### Directions:
Keep the pictures out. Copy every line of the listing exactly.

──────── Input data

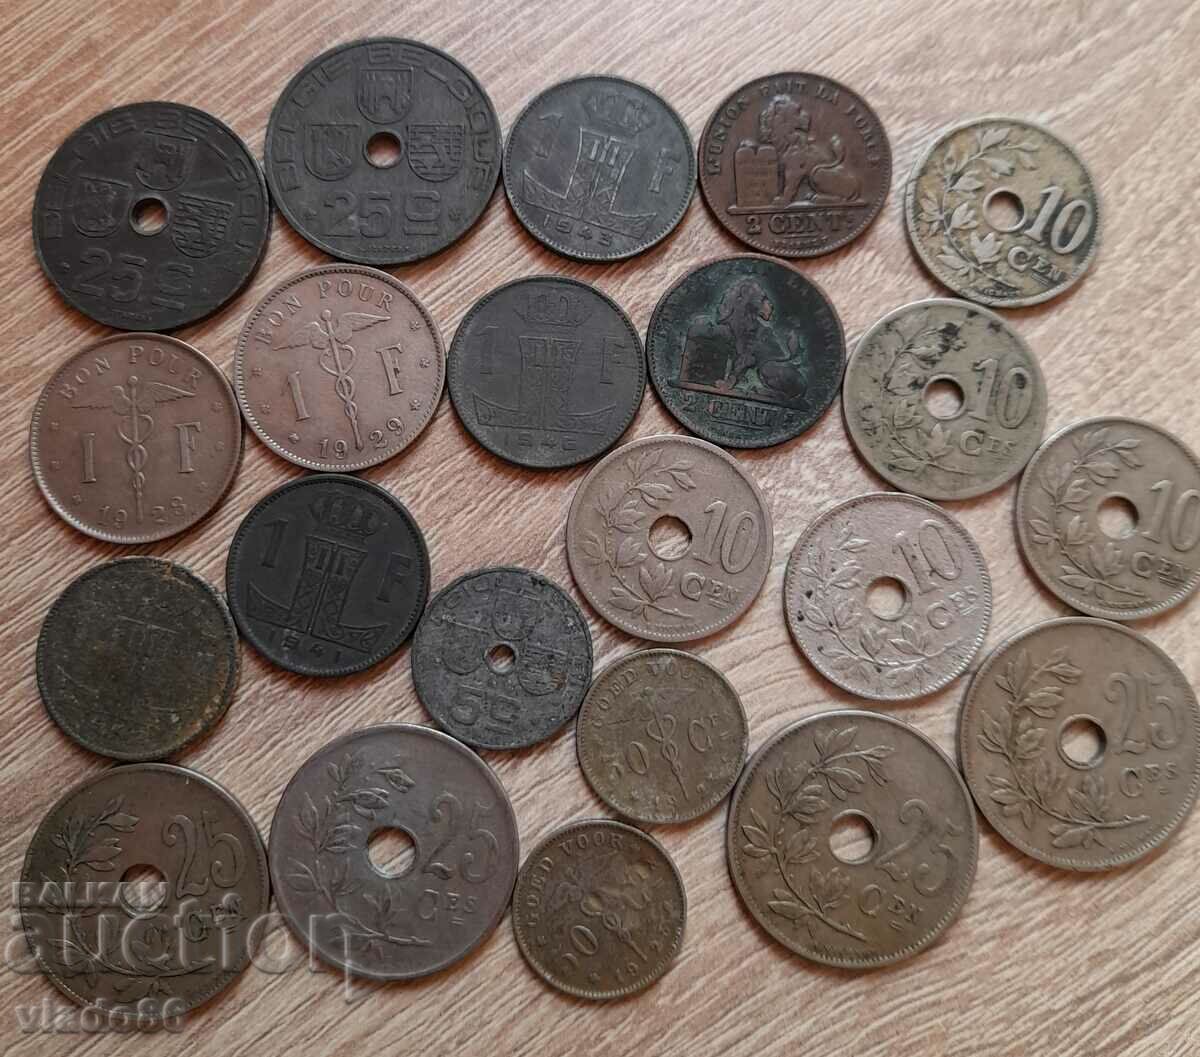 Πολλά παλιά βελγικά μη επαναλαμβανόμενα νομίσματα
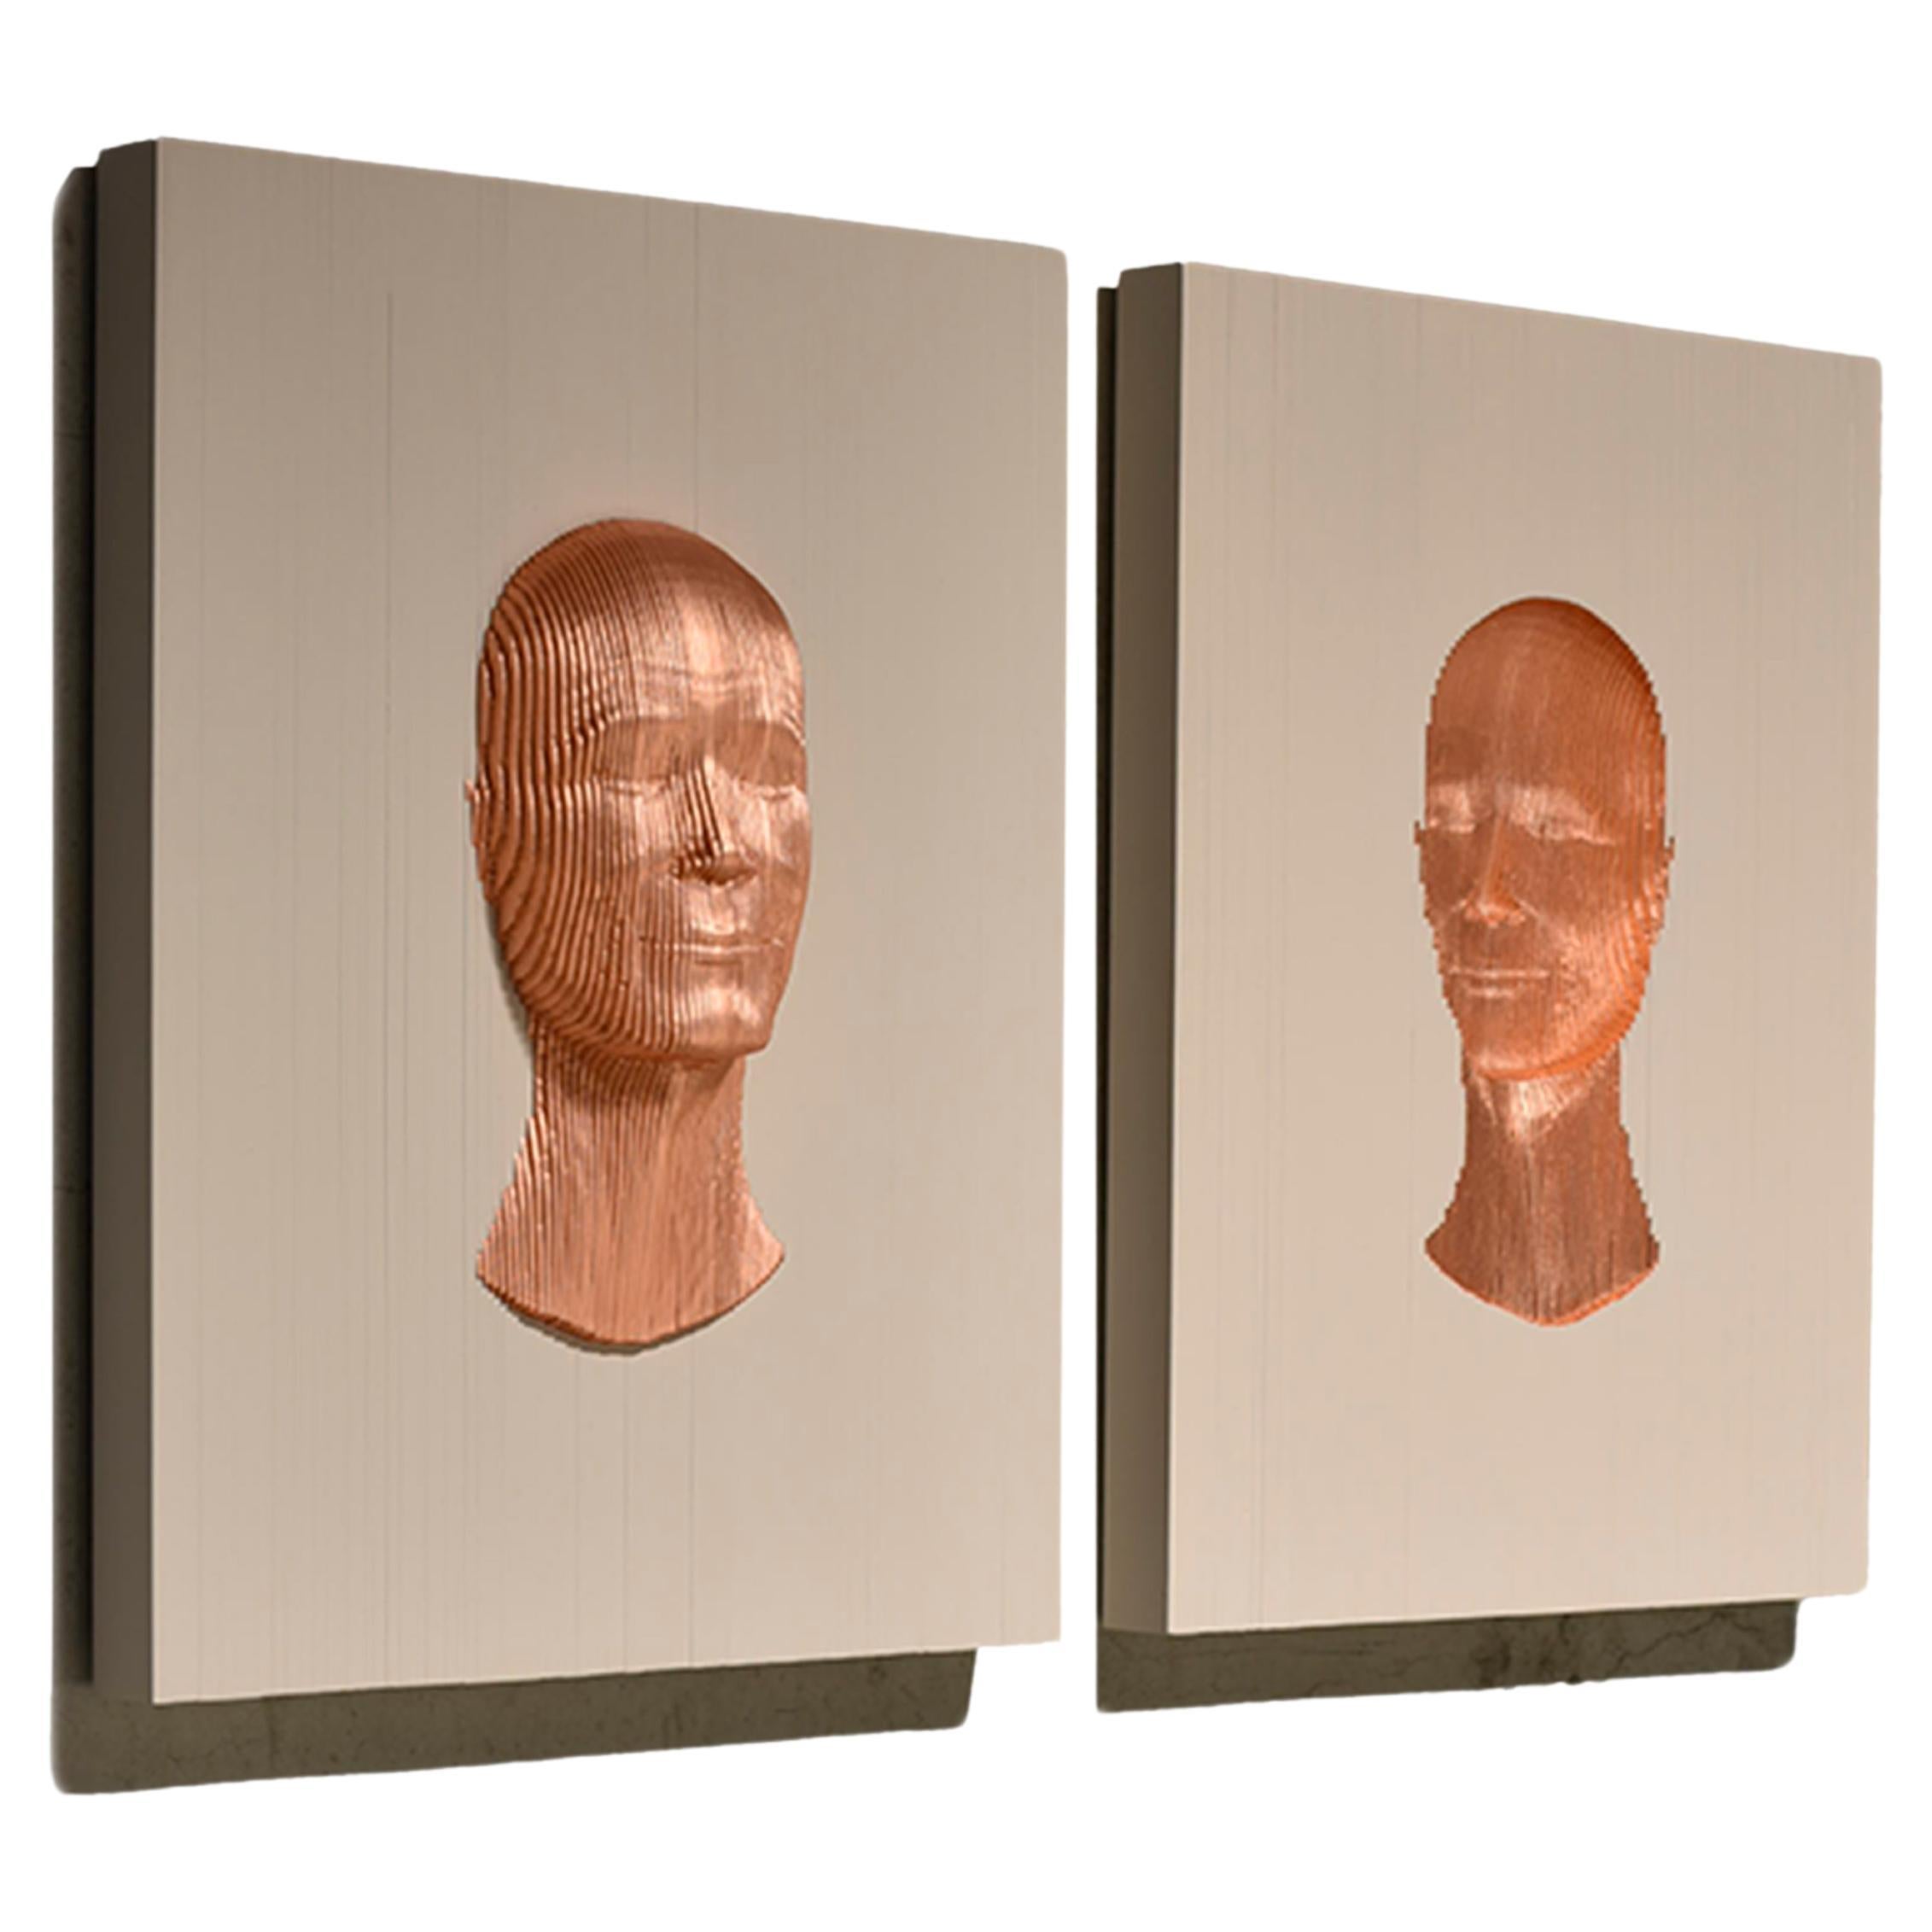 Inner Face - Outer Face Bronze von Piegatto, eine Contemporary Wandskulptur
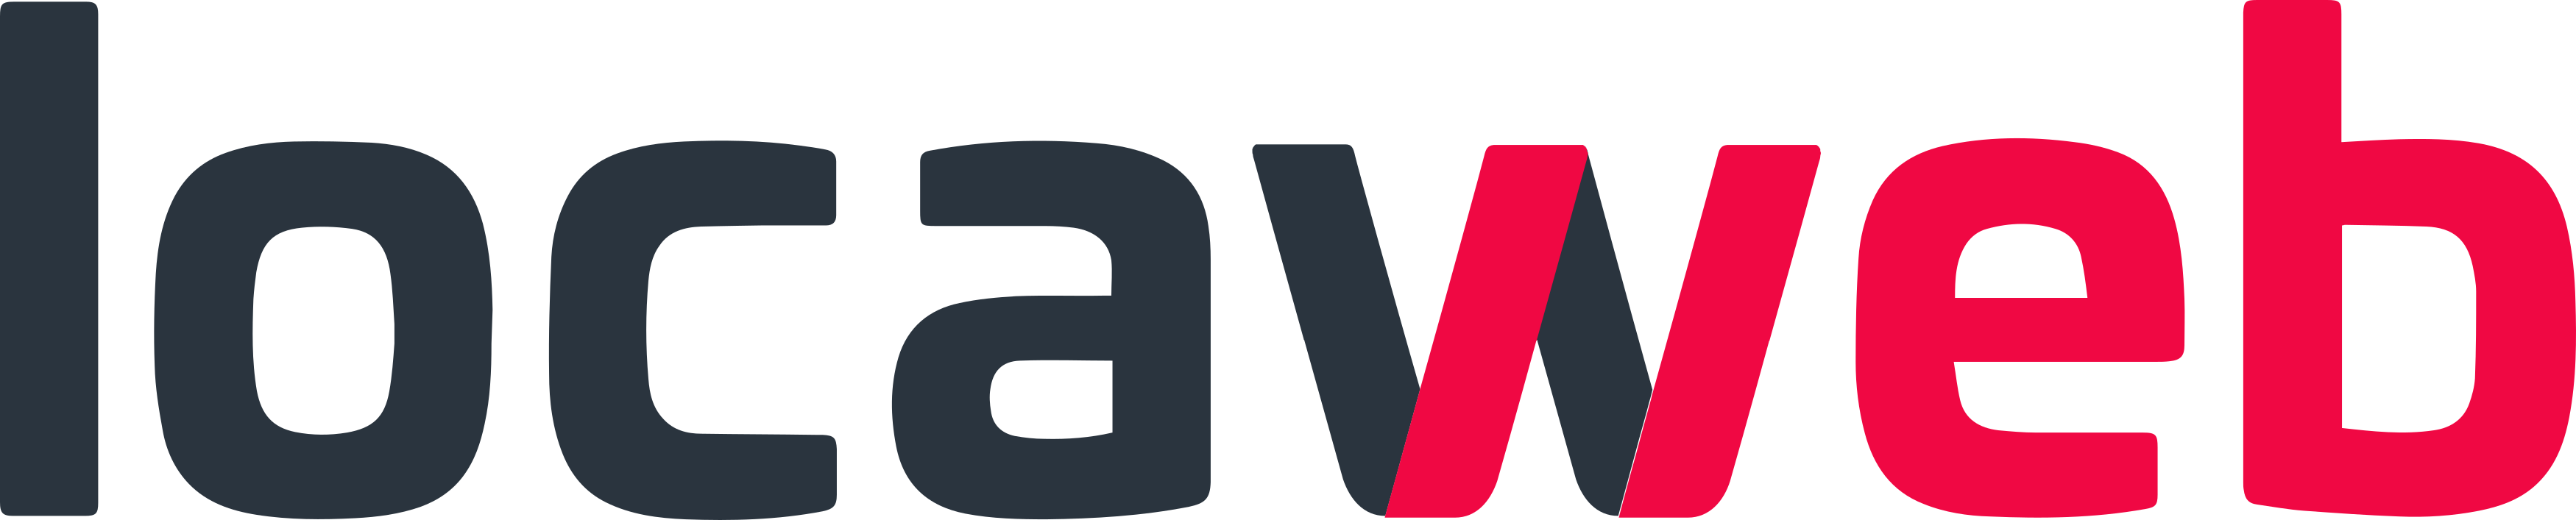 LocaWeb Servicos de Internet logo
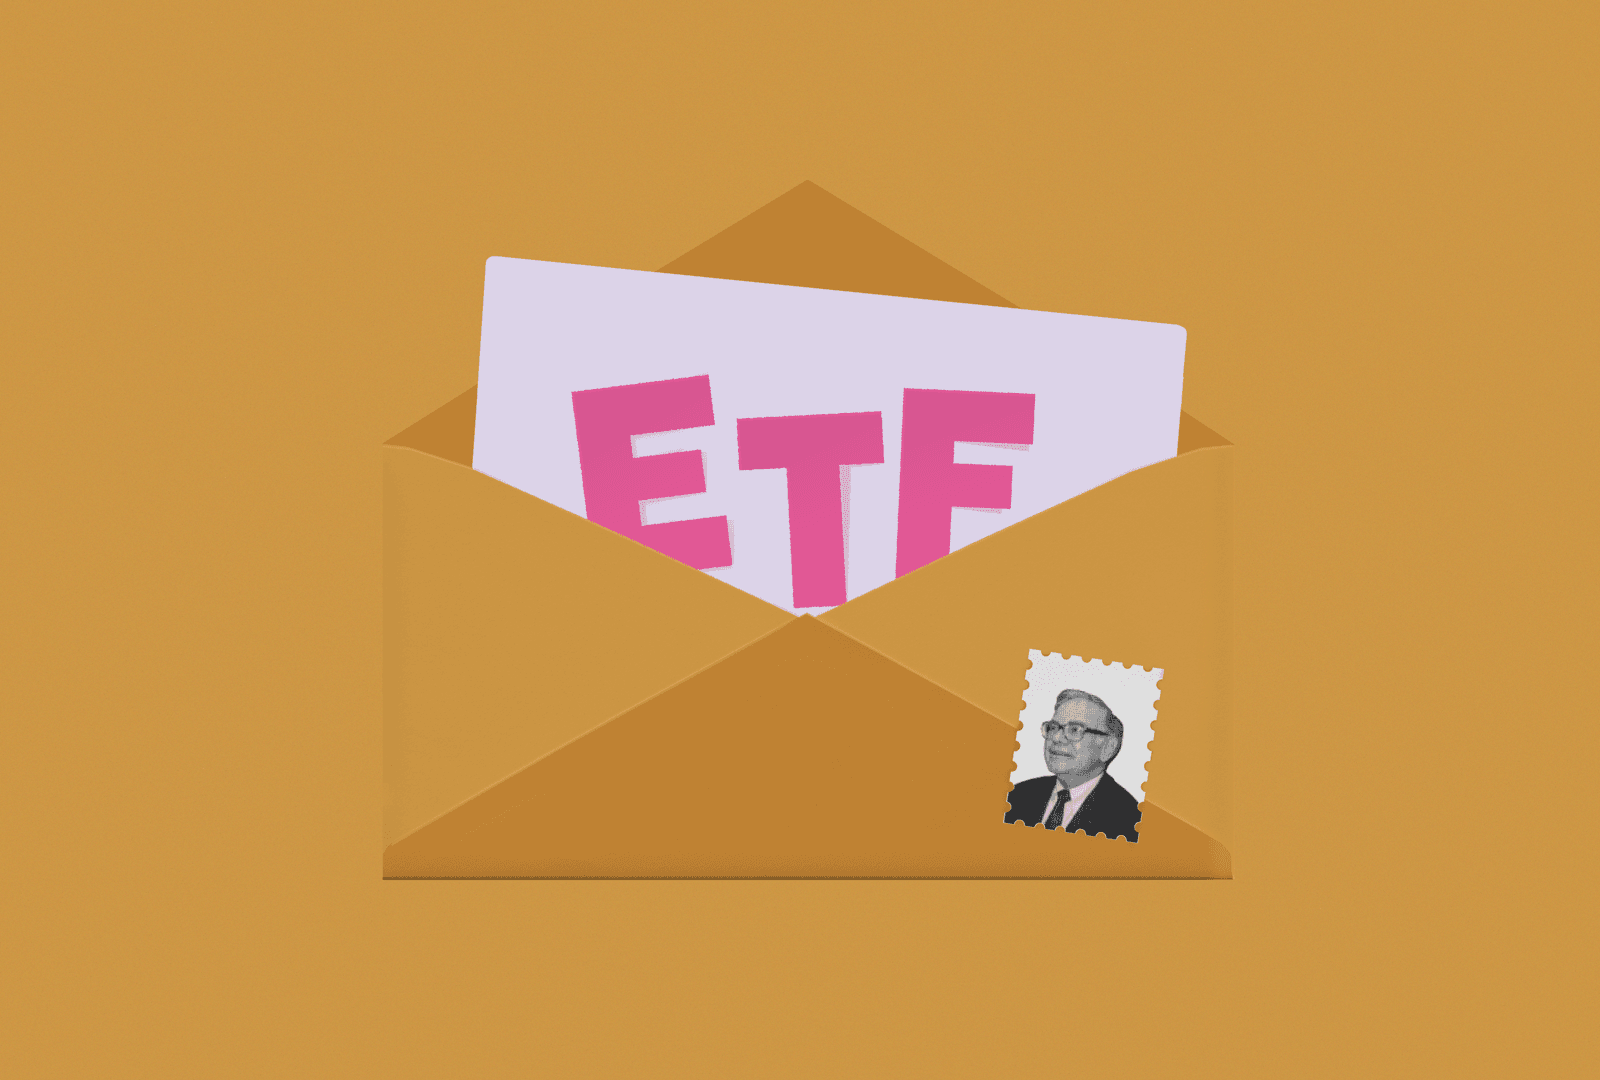 ETF가 적힌 종이가 들어간 편지봉투와 워렌버핏 사진 우표

────────────────

### Solution below:
 Πολλά παλιά βελγικά μη επαναλαμβανόμενα νομίσματα
 Inner Face - Outer Face Bronze von Piegatto, eine Contemporary Wandskulptur
 LocaWeb Servicos de Internet logo
 ETF가 적힌 종이가 들어간 편지봉투와 워렌버핏 사진 우표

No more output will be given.